RNA-seq validation method RNA-sequencing is often done for tumor samples, since the expression pattern of the tumor sample is of great interest in many cancer projects. If such tumor RNA-seq data is available as well as the original exome-seq pairs used for mutation calling, it can be used as partial validation data. Due to the variation in the expression levels across the genes, RNA-seq generally shows a significantly larger variation than DNA-seq data in the number of reads carrying the variant allele.
To construct a validation dataset using the RNA-seq data for the tumor sample, we examined the variant allele fraction (vaf) in the RNA-seq data together with the vaf in the normal exome-seq data. We restricted our analysis to those variants that have RNA-seq depth >10x. (In our datasets, 30-40% of sites satisfy this restriction.) Then, with a given threshold for tumor and the normal, f t and f n , respectively, we define positives as such variants for which the tumor RNA-seq vaf exceeds f t and the normal exome-seq vaf is less than f n .
Evaluation of pseudo- and RNA-seq validation methods
To assess the performance of the pseudo-validation method, we ranked the variants in the evaluation set using the GATK quality score obtained from the tumor exome-seq, given that the signed GATK quality score from the normal sample is less than -50. We mostly used only the tumor sample for ranking, since most of difficulties in calling somatic mutations seem to occur due to heterogeneous aspects of the tumor sample. For the normal sample, it suffices to set a threshold to exclude any sites with a variant in the germline. We also attempted to filter out artifactual variant alleles by introducing a criterion based on the strand bias pattern in the tumor exome-seqs. If the variant allele shows much more extreme strand bias compared to the reference allele, specifically, more than 95% or less than 5% of the variant alleles are on the forward strand, while less than 70% or larger than 30% of the reference alleles are on the forward strand, then we filtered out the mutation sites.
The performance of the RNA-seq validation method was assessed using the 1,945 variants (∼30% of the total 6,692 sites) in the evaluation dataset that have the RNA-seq depth ≥ 10x. We used the tumor vaf to rank the variants, given that the normal vaf in the exome-seq is less than 2%. To filter out artifactual variant alleles, we filtered out a mutation site if both the tumor exome-seq and the tumor RNA-seq showed strong strand bias (more than 95% or less than 5% of the reads are on the forward strand) for the variant allele.
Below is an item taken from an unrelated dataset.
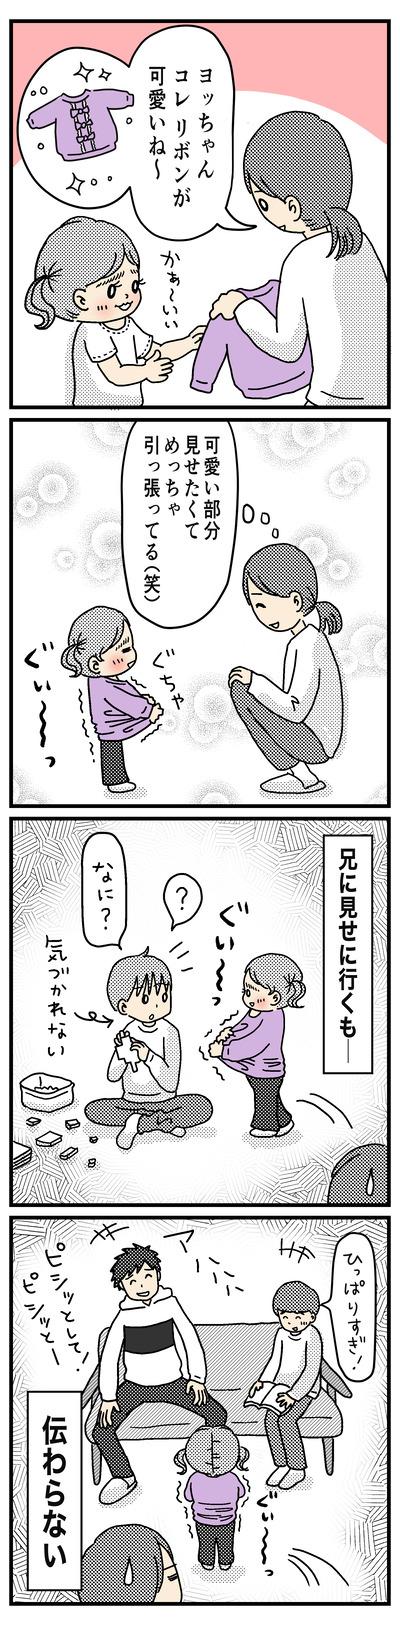 198 見せたいヨッちゃん(1才半〜2才)
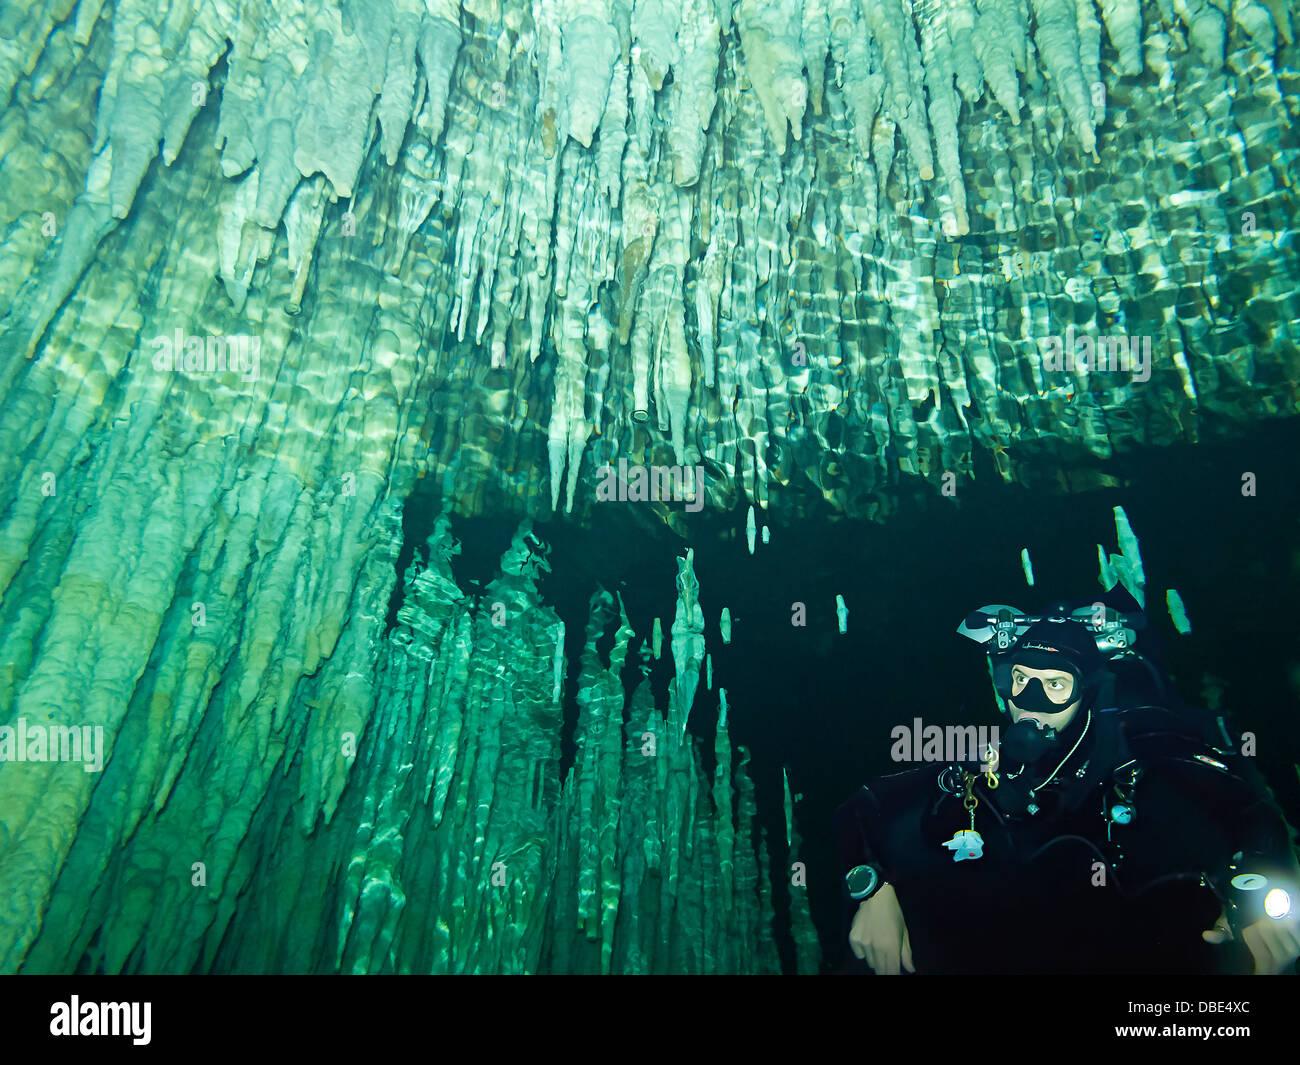 Subacqueo con picchi di stalattiti pendenti dal soffitto del sogno di gate, una delle tante persone cenotes immersioni Immagini Stock

The reason that we applied different filtering criterion is because for the RNA-seq data, the correspondence of the strand bias between the variant allele and the reference allele is much weaker even for the “true” variants (Additional file 1: Figure S10C) but existing exome-seq data can help for filtering out artifactual variants.
Comparing the performances of callers in the benchmark data using the pseudo- and RNA-seq validation methods, and latent class models
We applied the pseudo- and the RNA-seq validation methods to the whole exome benchmark data from 16 LUSC patients. For each validation method, we picked a specific cut-off for convenience and illustration purposes, but across a range of reasonable cut-offs, the qualitative conclusions were similar. For the pseudo-method, we validated mutations as somatic if the signed GATK quality scores for the tumor sample and for the normal sample are > 200 and <-50, respectively. For the RNA-seq method, for the mutations with the RNA-seq depth ≥10x (∼ 38% out of the 5,380 mutations in the exome benchmark data; Additional file 1: Figure S11), we validated them as somatic if the vaf in the RNA-seq >10% and the vaf in the normal exome-seq <2%. The chosen cut-offs for each validation method roughly correspond to a false discovery rate less than 3% and the true positive rate larger than 80% based on the analyses of the evaluation dataset constructed using data from 39 LUSC patients. However, the absolute values should not be emphasized since the features of the whole exome benchmark data are likely different from the sites within the 76 genes for which the evaluation dataset was constructed. For the two validation methods, we attempted to remove the artifactual variants by applying the strand bias filters.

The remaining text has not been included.